如何让scala字符串拆分以匹配python

Question

I am using spark-shell and pyspark to do word count on one article. 我正在使用spark-shell和pyspark对一篇文章进行字数统计。 scala flatmap on line.split(" ") and python split() get different word counts (scala has more). line.split（“”）和python split（）上的scala flatmap获得不同的字数（scala有更多）。 I tried split(" +") and split("\\W+") in the scala code, but can not get the count to come down to the same as the python one. 我在scala代码中尝试了split（“+”）和split（“\\ W +”），但无法将计数归结为与python相同。

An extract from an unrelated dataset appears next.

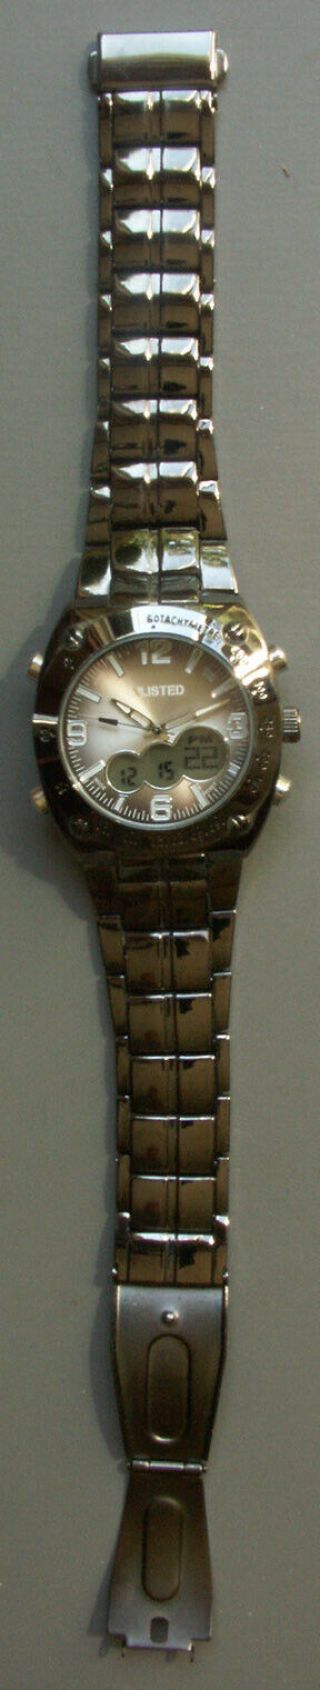 Kenneth Cole UNLISTED Model Man ' s Analog Digital Watch Gunmetal UL1069 4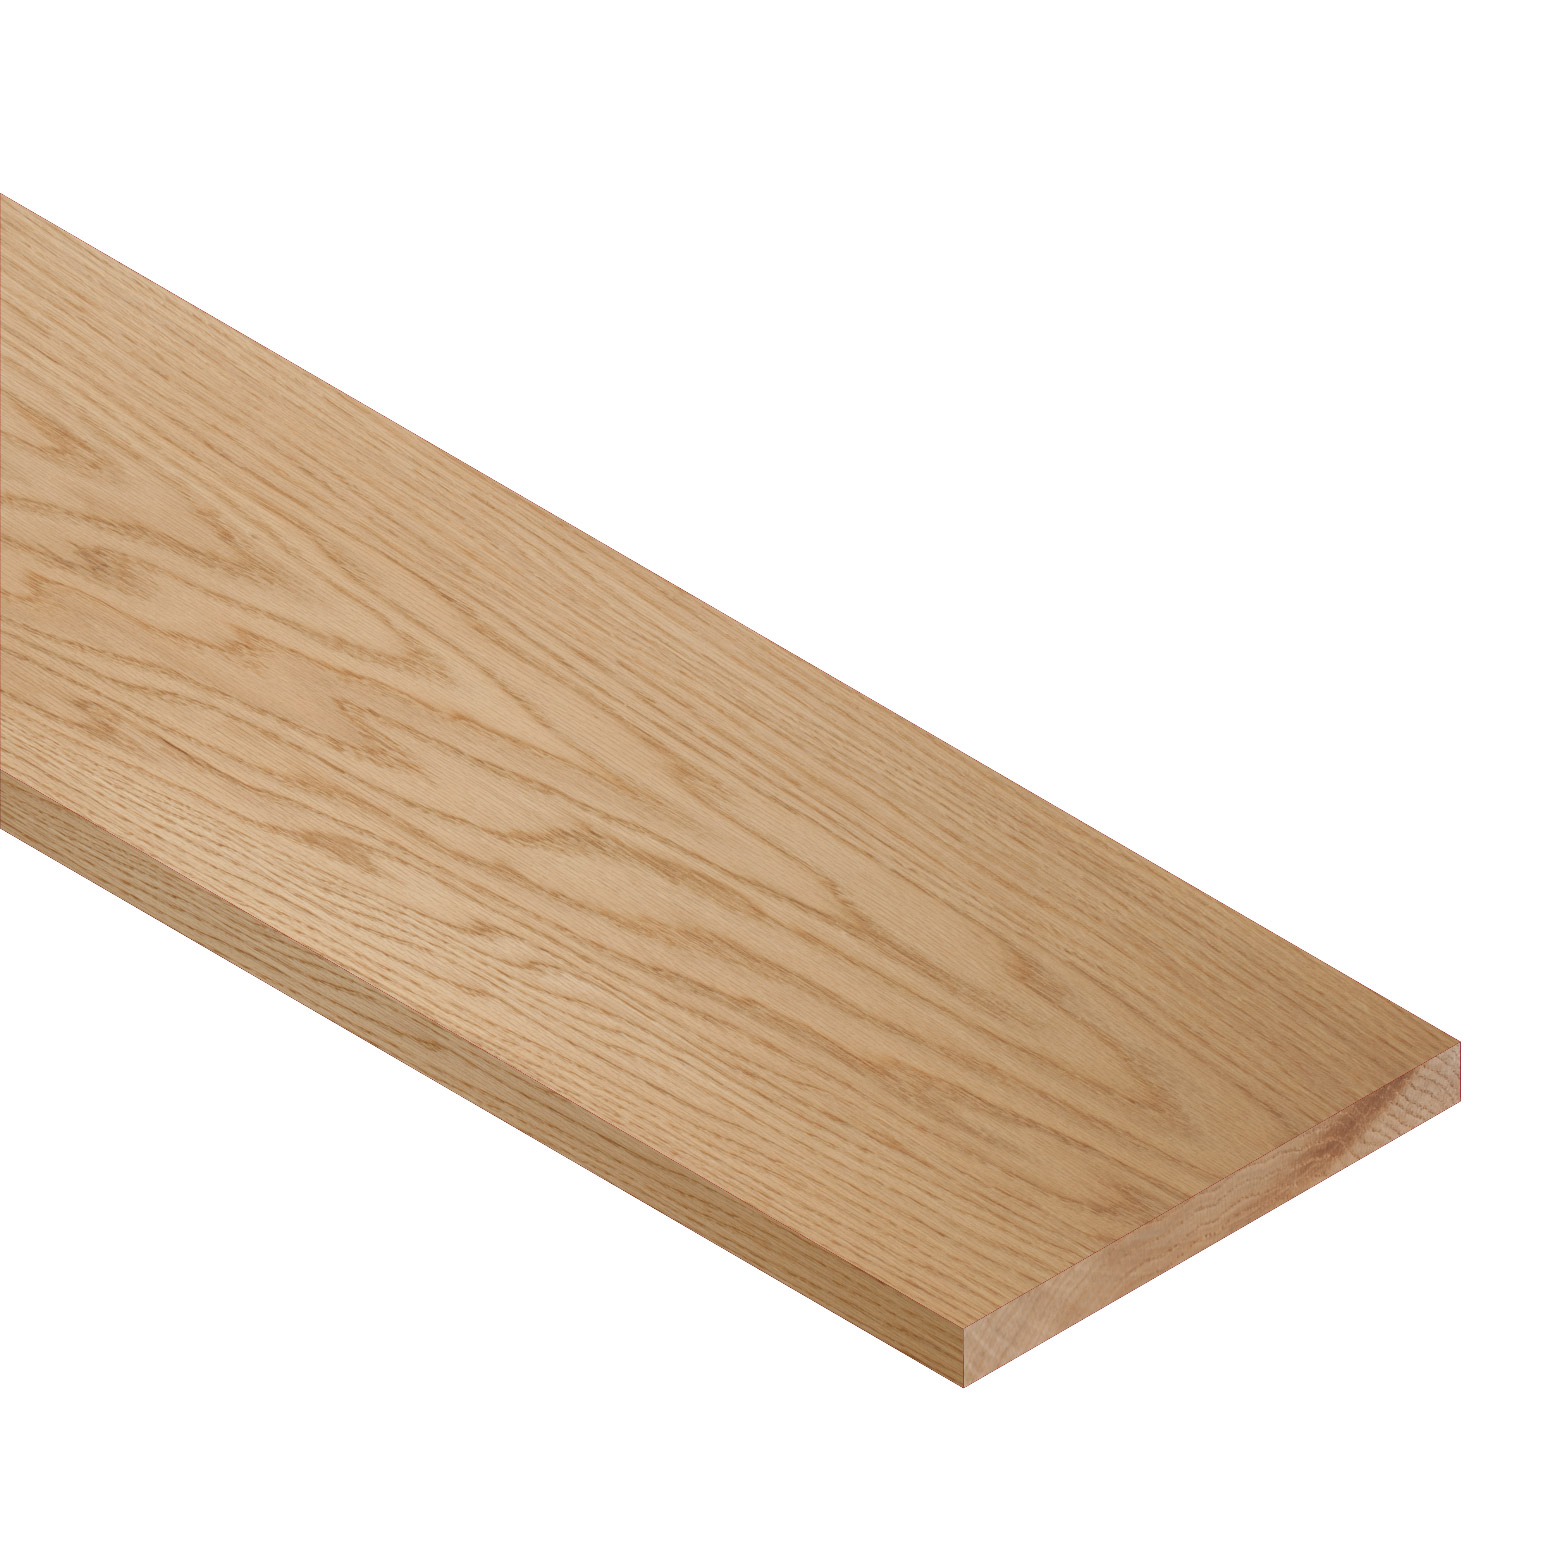 1 X 8 Cedar Board

Anyone knows what pattern would match python exactly? 有谁知道什么模式会完全匹配python？

Answer 1

Python's str.split() has some special behaviour for default separator: Python的str.split()对默认分隔符有一些特殊的行为：

runs of consecutive whitespace are regarded as a single separator, and the result will contain no empty strings at the start or end if the string has leading or trailing whitespace. 连续空格的运行被视为单个分隔符，如果字符串具有前导或尾随空格，则结果将在开头或结尾处不包含空字符串。 Consequently, splitting an empty string or a string consisting of just whitespace with a None separator returns [] . 因此，将空字符串或仅由空格组成的字符串拆分为None分隔符将返回[] 。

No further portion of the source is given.